粘り強くポジションアップ

8位からスタートした決勝。山内→山内→井口のローテーションで挑む。オープニングラップ。前を走る#45 PONOS FERRARI 296のリル・ワドゥーを交わし7番手でストレートに戻ってくる。目の前はベテランの#96 K-tunes RC F GT3の新田守男/高木真一組。しかも同じダンロップユーザーで、抜くには至難の業となる速さを持つテクニシャン2人だ。

スーパーGT2024 第2戦 富士3時間レース SUBARU BRZ GT300悔いが残るガス欠15位完走
(画像=GW中の開催。多くのファンがスタンドに詰めかけ、延べで9万人近い大観衆だ、『AUTO PROVE』より 引用)

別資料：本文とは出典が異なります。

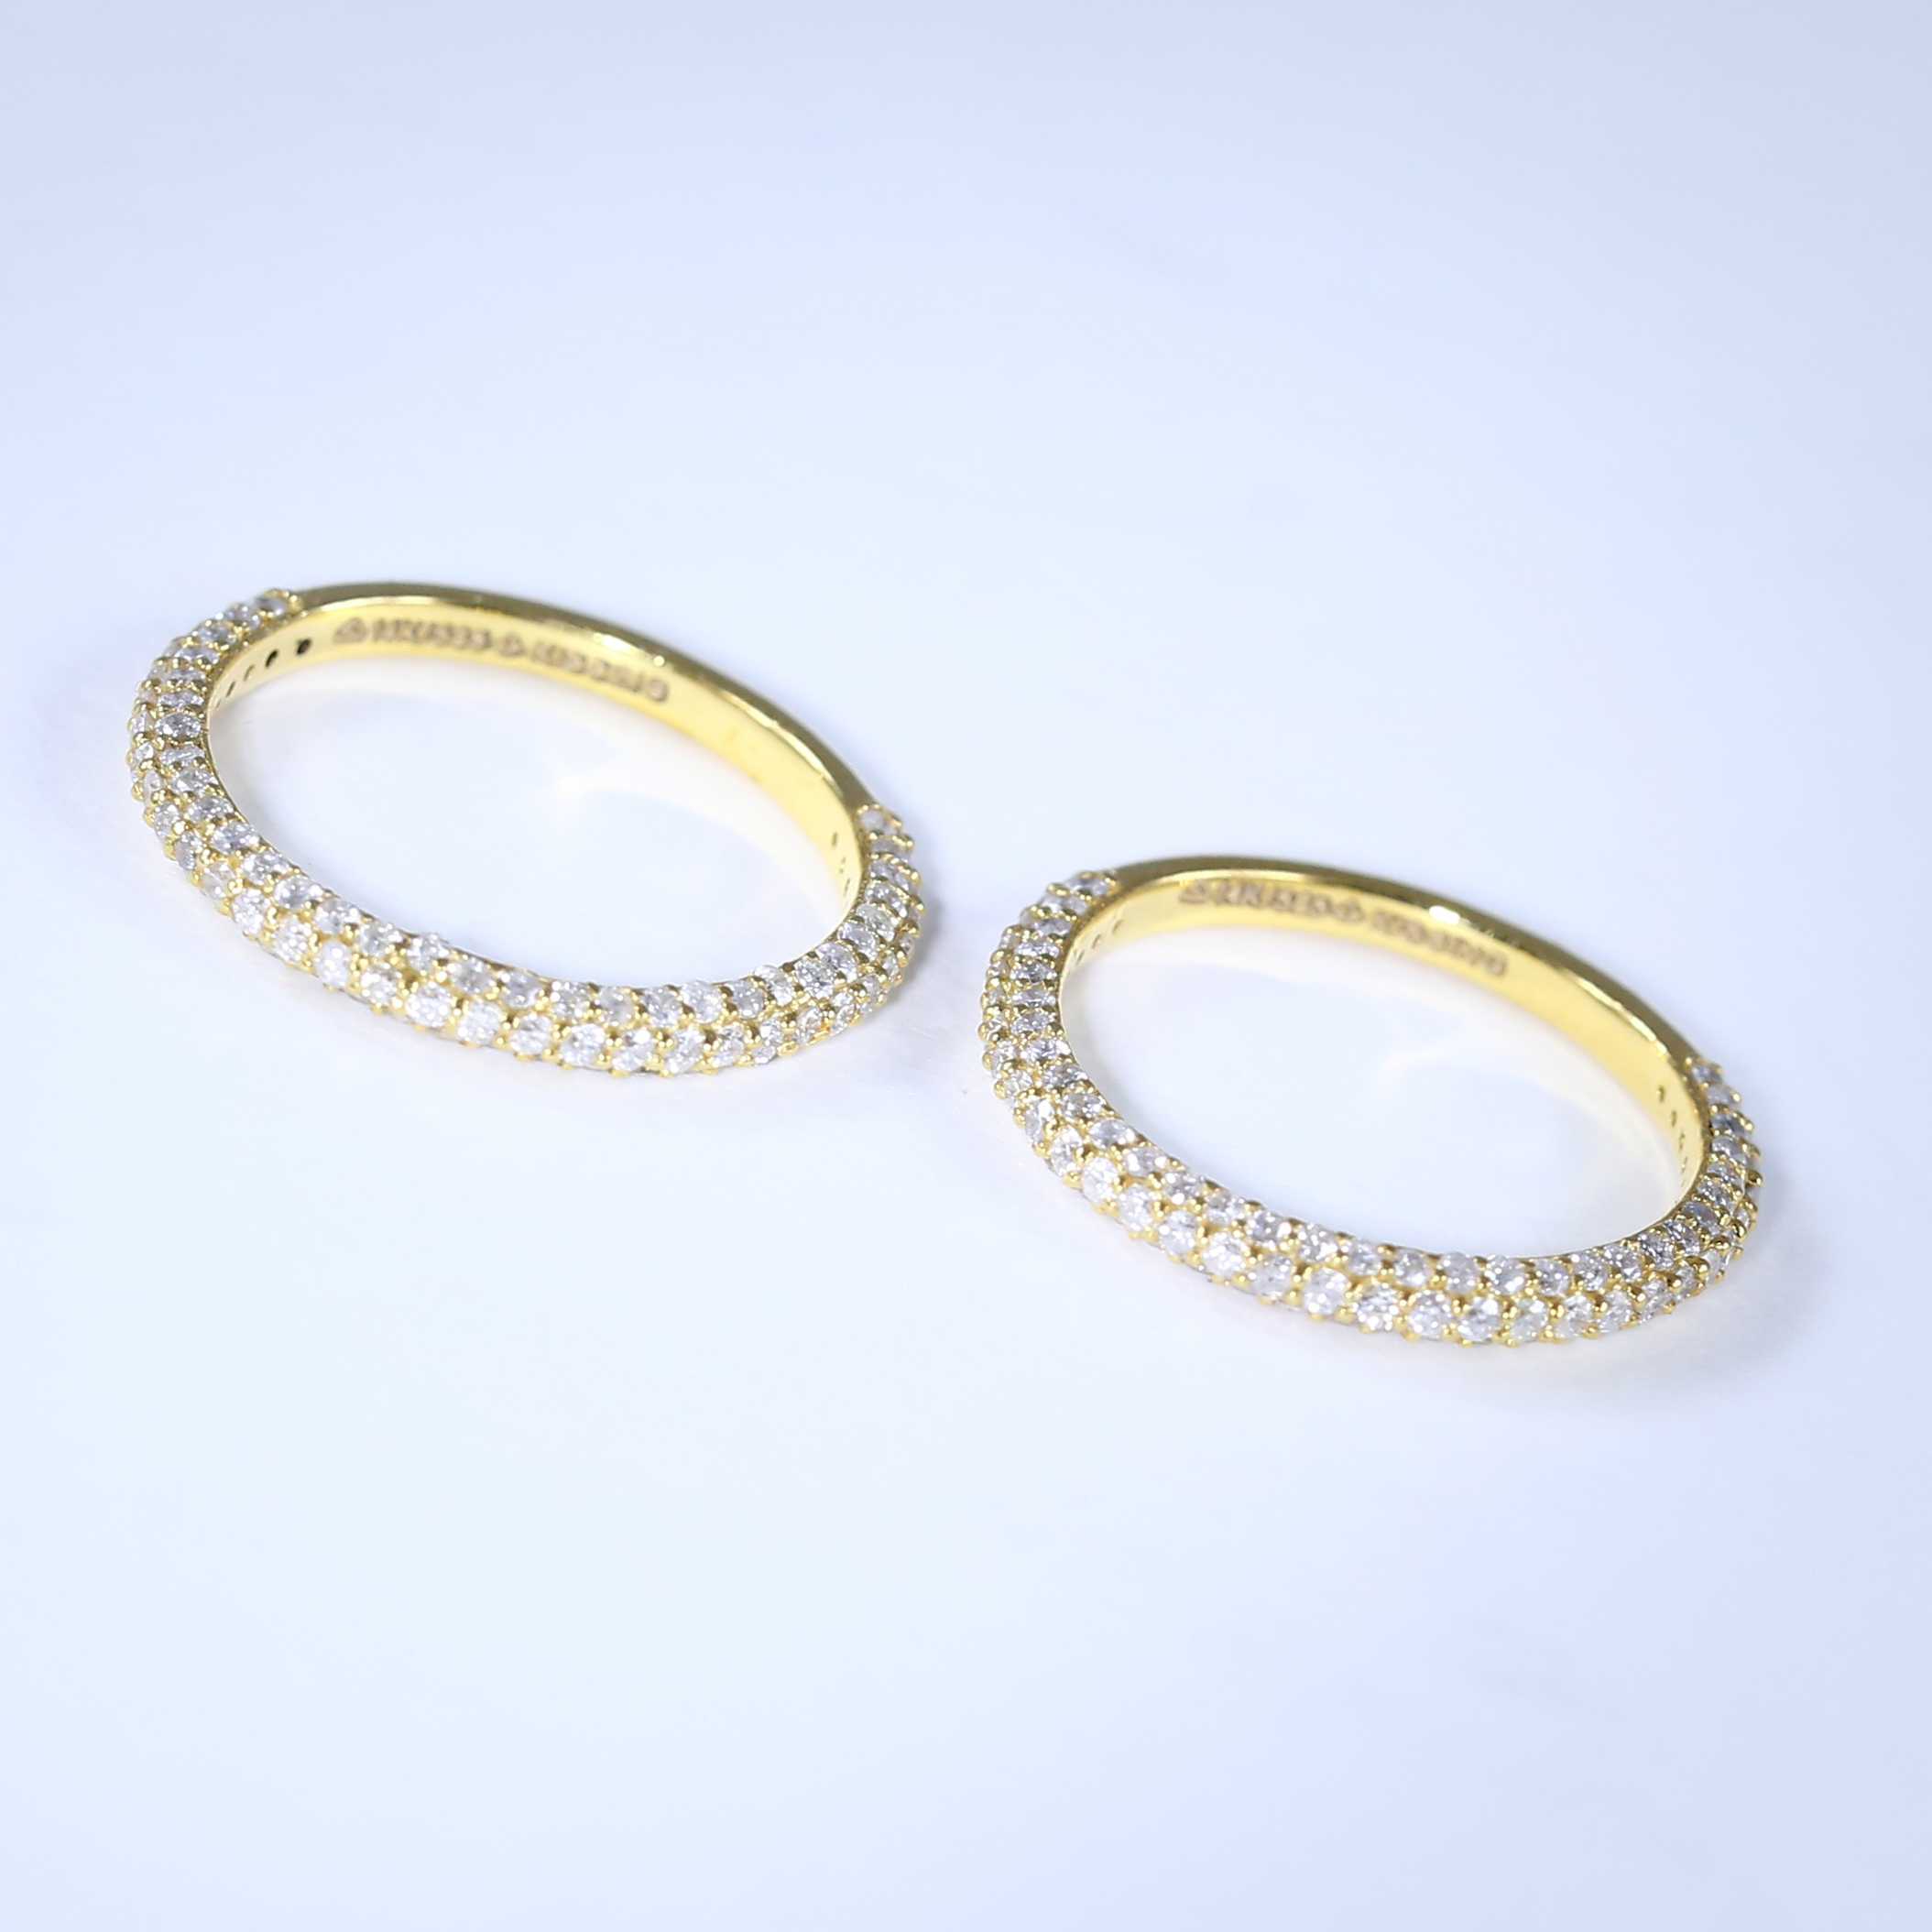 14 K / 585 Set of 2 Yellow Gold Engaement / Wedding Diamond Band Rings - Image 2 of 9

18周目、ここにきて「シフトダウンが悪い」と山内から無線が飛ぶ。ポジションは7位。ピットからはシフトプログラムの変更を伝え、なだめすかしながらの走行になる。がしかし、22周目、先行する#96高木真一を交わすことに成功した。いつもながら山内の鬼気迫る追い上げと集中力、操るテクニックには、応援するものを興奮させ、そして幸せにする。ポジションは6位に上がる。

最初のピットインはフルサービスだ。4本交換と燃料を満タンにしてピットアウト。各チームとも似たようなピットストップ作戦だ。コースに戻った山内は、見た目は16位だが実質10位。トップ2台はまだピットに入っていない状況で、山内より下位のマシンもピットに入っていないため、下位マシンに抜かれた順位に見える。

ニュータイヤを履く山内に期待がかかる。しかし、山内より上位を走行していたチームがコースに戻り始めると、順位どおりに山内の前に戻ってくる。給油時間が短いマシンはリードを広げている状況も作った。

スーパーGT2024 第2戦 富士3時間レース SUBARU BRZ GT300悔いが残るガス欠15位完走
(画像=『AUTO PROVE』より 引用)

想定どおりの展開が・・・

中盤、先行する#7 Studie BMW M4をドライブする荒聖治に接近。バトルになる。最終コーナーで山内がインに入り追い抜くとストレートで抜き返される展開に。しかし山内は攻め続け#7荒聖治の攻略に成功した。

レース開始から2時間。山内のスティントが終了し井口卓人にバトンを渡す。見た目は12位で、実質7位でコースに復帰。コース上には周回遅れがいるものの、井口はひたすら上位を目指し、ニュータイヤで追いかける展開になった。

レース前小澤総監督がイメージした「終盤、タレてきたマシンにフレッシュタイヤで追いかける」という展開になっているのだ。とくに2位を走行する昨年のチャンピオンチーム#52 Green Brave GR Supra GTはブリヂストンユーザーで、2回目のピットインでは無交換でピットアウトしている。その分トラック上のタイムは引き離されているが、ラップタイムでは井口のほうが速い。

残り時間45分になっても先行車との差は縮まらない。タレ始めているマシンはいるが、ラップタイムを見ると1秒以内という僅かな差しかない。ピットストップでは10数秒の差が生じているため、思うような展開に届かないのだ。6位を走る#2 muta Racing GR86 GTには22秒以上の差がある。残り時間を周回数に換算すると、あと20ラップ前後。1周で1秒以上縮めないと6位には上がれない。厳しい状況になってきた。

レース終盤、井口から「ガソリンがない」と無線が飛ぶ。予備タンクを使用し緊急ピットイン。スプラッシュ給油を行ない、コースに戻る。がしかし、再び燃料切れのアラートが点灯、マシンは息継ぎをし始め、セクター3の登り坂で息を止めた。

優勝は#88 JLOC Lamborghini GT3で108周をした。BRZ GT300は106周目の出来事だった。15位完走の扱いではあるものの、再び悔いの残るレースとなってしまった。

レース後小澤総監督は「レースはある程度想定内で展開できいて、タイヤも良い仕事をしてくれているので手応えはありましたが、燃費の計算が狂ったようで、申し訳ありません」とコメントしていた。

次戦は得意な鈴鹿で同じ3時間レース。しかしアクセルの全開時間が富士よりも短いので燃費の悪さが露呈しにくいという。さらに気温が高く、路面温度が高いレースでは実績があり、期待のかかるレースになることは間違いない。コーナリングマシンの性能の高さは今回も証明できている。ポイントは給油時間なのかもしれない。